Литмир - Электронная Библиотека

— Конечно! — учтиво кивнул эрл.

— Осмелюсь предположить, поскольку вы участвовали в военной кампании, у вас, вероятно, не было возможности ознакомиться с какой-нибудь из последних папиных работ, так что вы, скорее всего, не знаете, что он посвятил себя истории философии. В настоящее время пишет о Французской революции.

— С точки зрения республиканца, я полагаю?

— Да, конечно, поэтому-то это и стало поистине грандиозным трудом. Ведь глупо было бы полагать, что его взгляды не претерпели никаких изменений с того дня, как он посвятил себя литературному труду. Но это случилось. Правда, когда меня еще не было на свете.

— Ах вот как? — вежливо отозвался Жервез.

— В те дни, можно сказать без преувеличения, он был таким же горячим приверженцем Пристли, как бедный мистер Колридж, которого он знал с самых юных лет. Ведь папа был пантисократом.

— Панти… кем?

Она с удовольствием повторила:

— Это такой кружок, самыми видными членами которого были мистер Колридж, мистер Саути, ну и конечно папа. Одно время они подумывали организовать коммуну на берегах Саскуэханны, но, к счастью, ни миссис Саути, ни маме эта идея не поправилась, так что, в конце концов, ее отвергли. Осмелюсь предположить, вы, может быть, тоже заметили, что люди, наделенные большим интеллектом, редко бывают искушены в чисто практических делах. Вот и на этот раз предполагалось, что каждый член этой коммуны, не важно, мужчина или женщина, будет два часа в день посвящать труду на общее благо, а все остальное время заниматься избранным делом.

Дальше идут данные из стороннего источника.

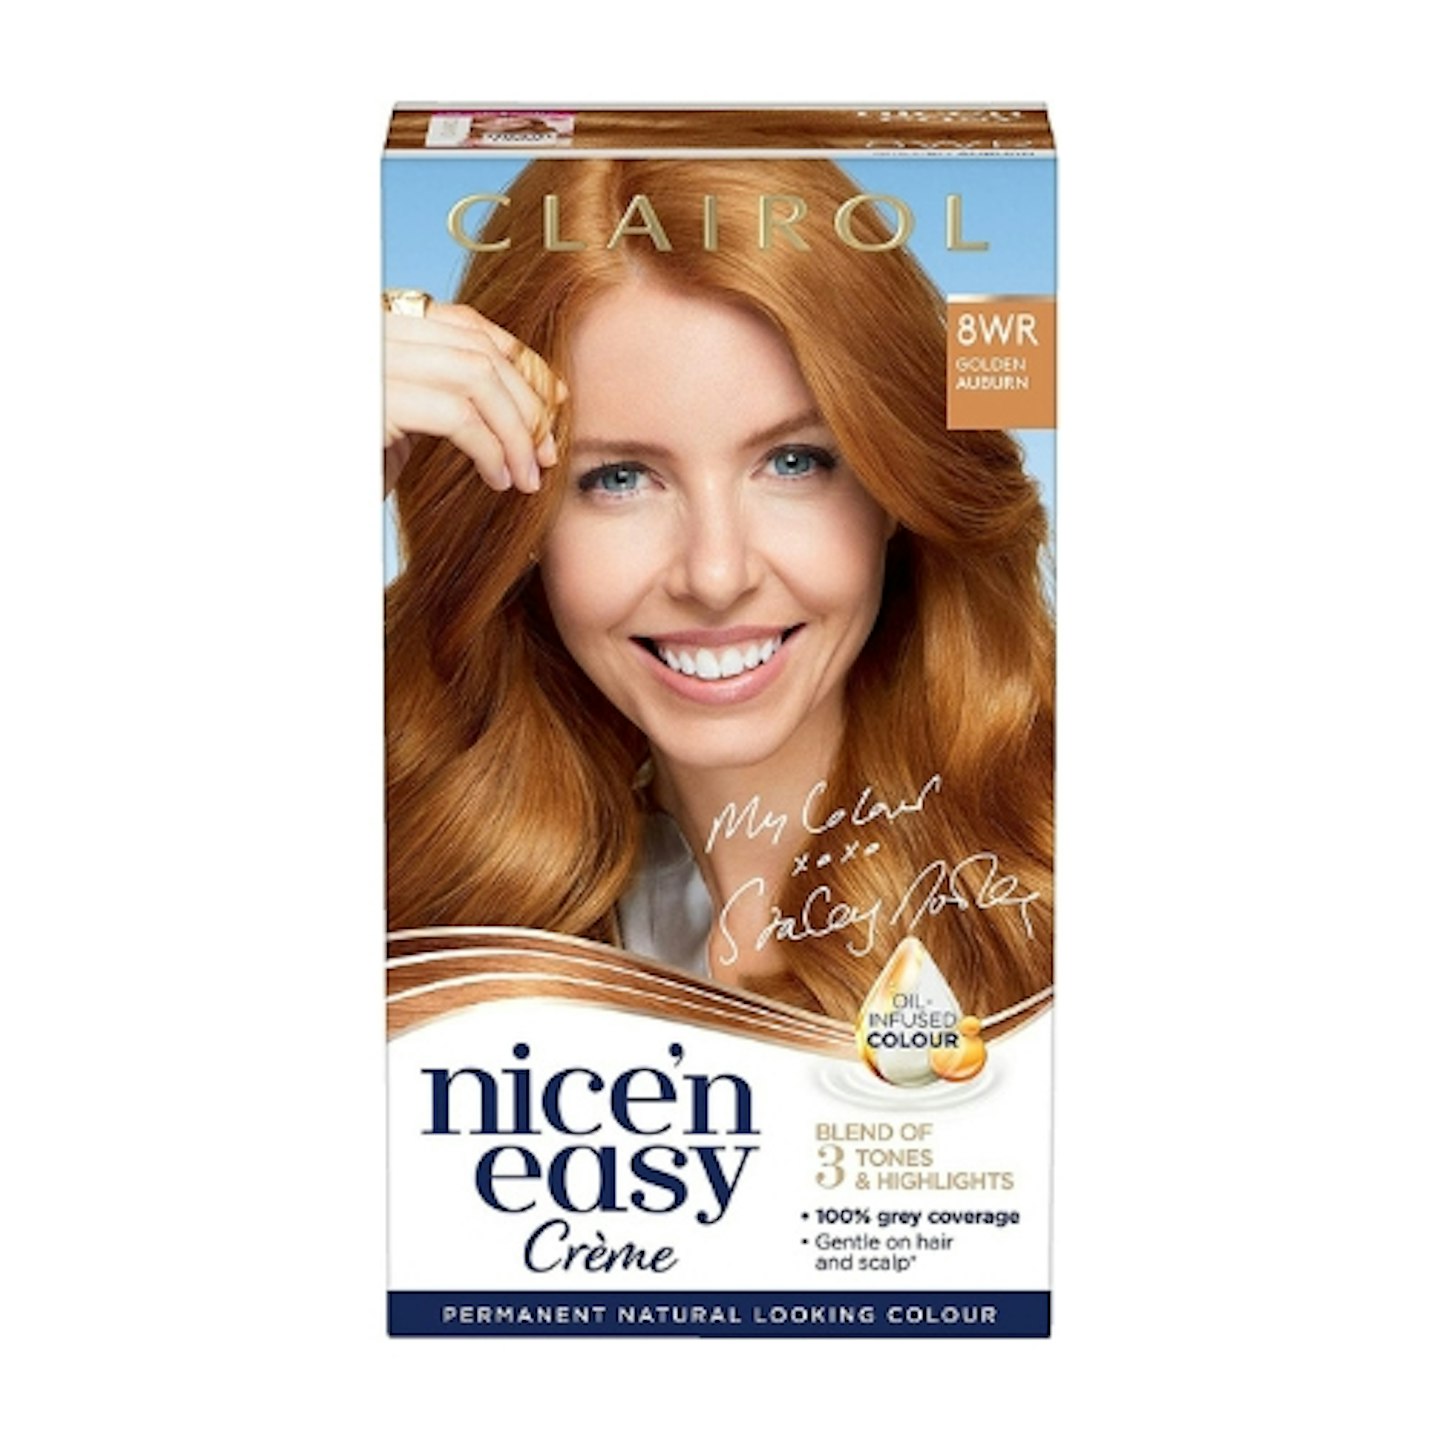 Clairol Nice'n Easy Crème, Natural Looking Oil Infused Permanent Hair Dye, 8WR Golden Auburn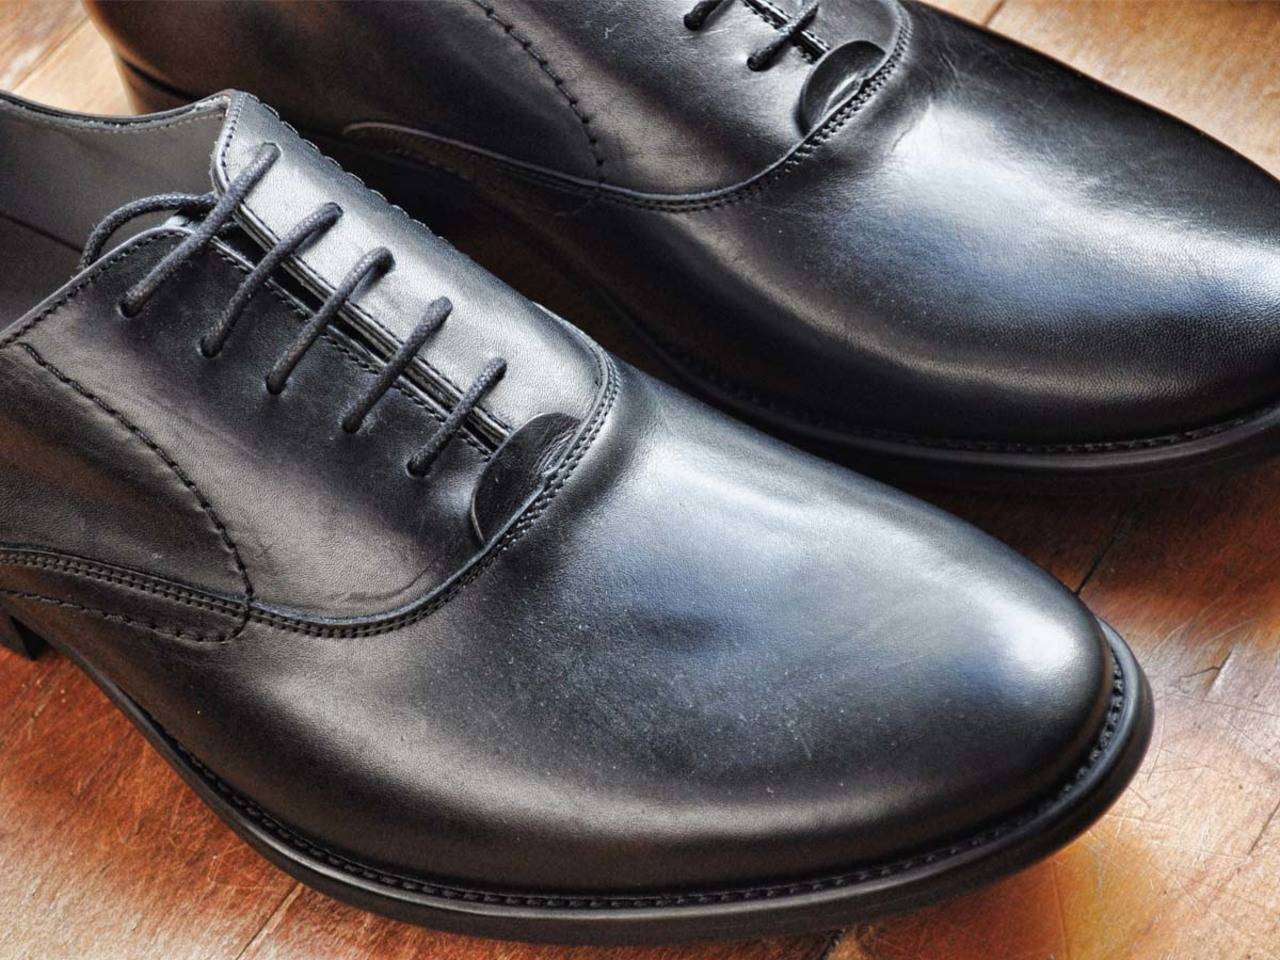 Formal Shoes for Men: 4 styles to choose from

Но, конечно, мама и миссис Саути немедленно догадались, куда они клонят, и заявили, что джентльмены, может быть, и намерены ограничиться двухчасовым рабочим днем, но для леди это совершенно невозможно. На самом, деле мама ничуть не сомневалась, что если джентльмена еще возможно упросить или, в крайнем случае, заставить принести воды или, скажем, нарубить дров, то дальше этого он не пойдет. Так что ни одна живая душа не могла твердо рассчитывать, что домашние обязанности будут выполняться изо дня в день. Сами понимаете, если уж они втягивались в какую-нибудь философскую дискуссию, то пиши пропало — ни один уже не помнил, куда и зачем шел.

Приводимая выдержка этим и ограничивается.